I can't believe that breech plug photo showed up. I posted that a couple of years ago when we were discusing patent breeches. Bill Knight sent me that photo to me probably 15 years ago, when we were discussing dif. powder grades he was testing & effects on patent breeches & etc.

Simply amazing what people will save & pass around, & it will show up on the internet now & then.

Keith Lisle
 
Just one more reason I don't care all that much for the "patent type" breeching system. I do have a couple with that type breech and have no trouble with them. Using 3F powder should help.
 
Nothing worse then a patent breech. Been shooting Flints for 30 years and never had a problem with a flat Breech and a straight Touch hole. A friend has a later Hatfield rifle and has nothing but headaches with that patent breech. Pain in the ass to clean to.
 
Birddog6 said:
It had nothing to do with jags getting stuck in the breech.

Yes, you are quite correct, I did not explain that correctly.

What I should have said there was, some chambers are rather small which may lead to bridging. They can be enlarged but it is recommended that they remain smaller than bore size so as to not trap the cleaning jag.

Graham
 
If you are swabbing after each shot you will need to run 1 or more dry patches down before loading again. It is essential you dry the patent breech or you will have problems. The TCs have a much larger breech opening and if I remember correctly it is also tapered and less likely to give trouble since the patch can actually get into the breech to some extent. You might consider enlarging the hole in the breech plug and beveling it's opening too. The patent breech on my wife's .58 has a hole so small it takes a .270 brush to get into it and it's quite deep too but doesn't give any trouble so long as she follows the cleaning with a few dry patches on the.58 brush which has the end sweged down from use so that it goes into the patent breech. Cleaning is also followed by snapping 2 or more caps on the line before beginning an event though that little bit of info doesn't help much with a flint gun.
 
Yep; I used 80 grains of Goex 3f and never missed a beat. I think I must of been getting some fouling build-up at the step down or maybe didn't get all the packing gunk out of the chamber. At any rate it fired great today and is very accurate with a patched ball. I did switch lubes from Track Mink oil to Lehigh lube though. I doubt that had anything to do with it though. Another mystery but it's gone I think.
 
I would much prefer a straight breech because I don't like needing to swab down in the chamber. It's just another step added to slow down loading. It's not a problem hunting really but for range shooting I would rather have a straight breech.

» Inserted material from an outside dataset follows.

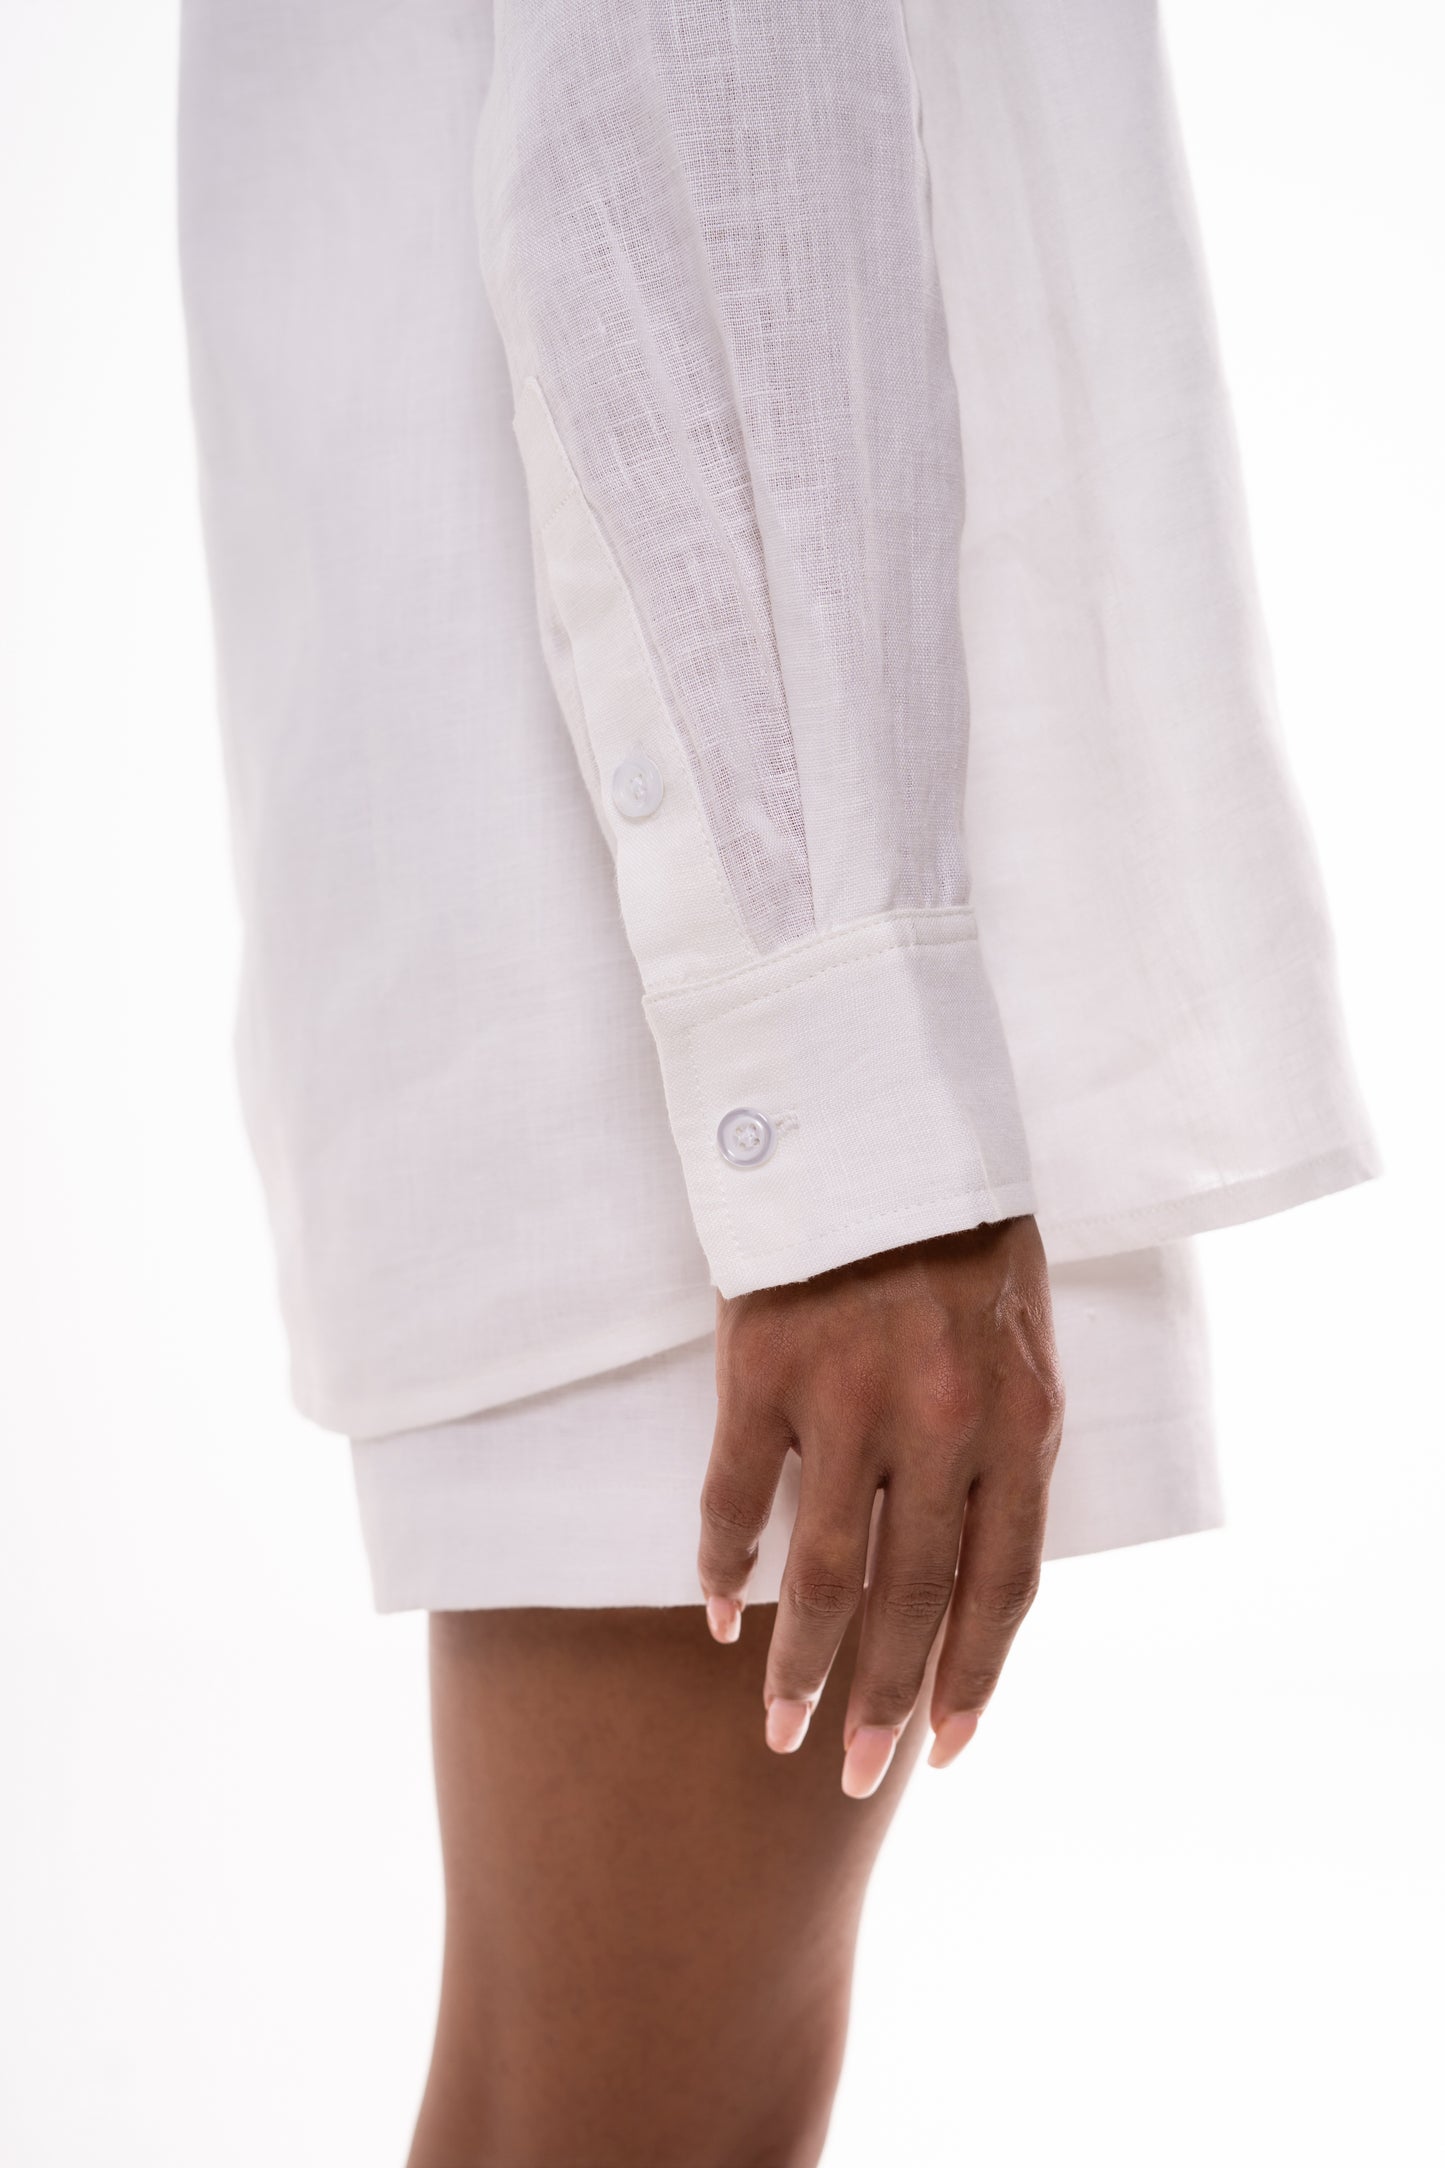 B - Classic White Linen Shirt

I don't like long barrels either and all of the short barreled production guns have them. Some my TC's have the recessed bore and I rather like that for loading ball but the Deerstalker doesn't have it and it's ok without it.
 
Try a range session without swabbing between shots. Make sure the gun is squeaky clean and dry, no lubrication/solvent etc. in the barrel before the first shot.

I had a Lyman GPR in .54 that had similar symptoms. Once I stopped wiping between shots the succesful ignitions increased notably.

If you have good lubrication on the patches there should be no problem seating the ball on the powder. Too much of any lubrication will mess things up quickly.

Unless there is a manufacturing defect in the breach the diameter of the opening to the Lyman patent system is @ .357. A .357 jag cleans that area nicely.
 
You will most likely have much less fouling buildup with the Lehigh Lube. You may have been shoving the fouling into the breech when swabbing. You may have solved the issue for that rifle.

Also, How the jag is shaped means allot when swabbing also. If it is a standard jag, you may be shoving the fouling into the breech rather than pulling the fouling out.

Keith Lisle
 
When swabbing the bore, do you go all the way to the bottom or do you stop just short of the breech plug? Have you tried swabbing the bore but not the breech between shots? I have NEVER swabbed or brushed chambered breeches (no-one makes an actual Nock patent breech) when shooting and I have never encountered a problem with fouling build up, even with the miniscule hole in my Pedersoli Frontier.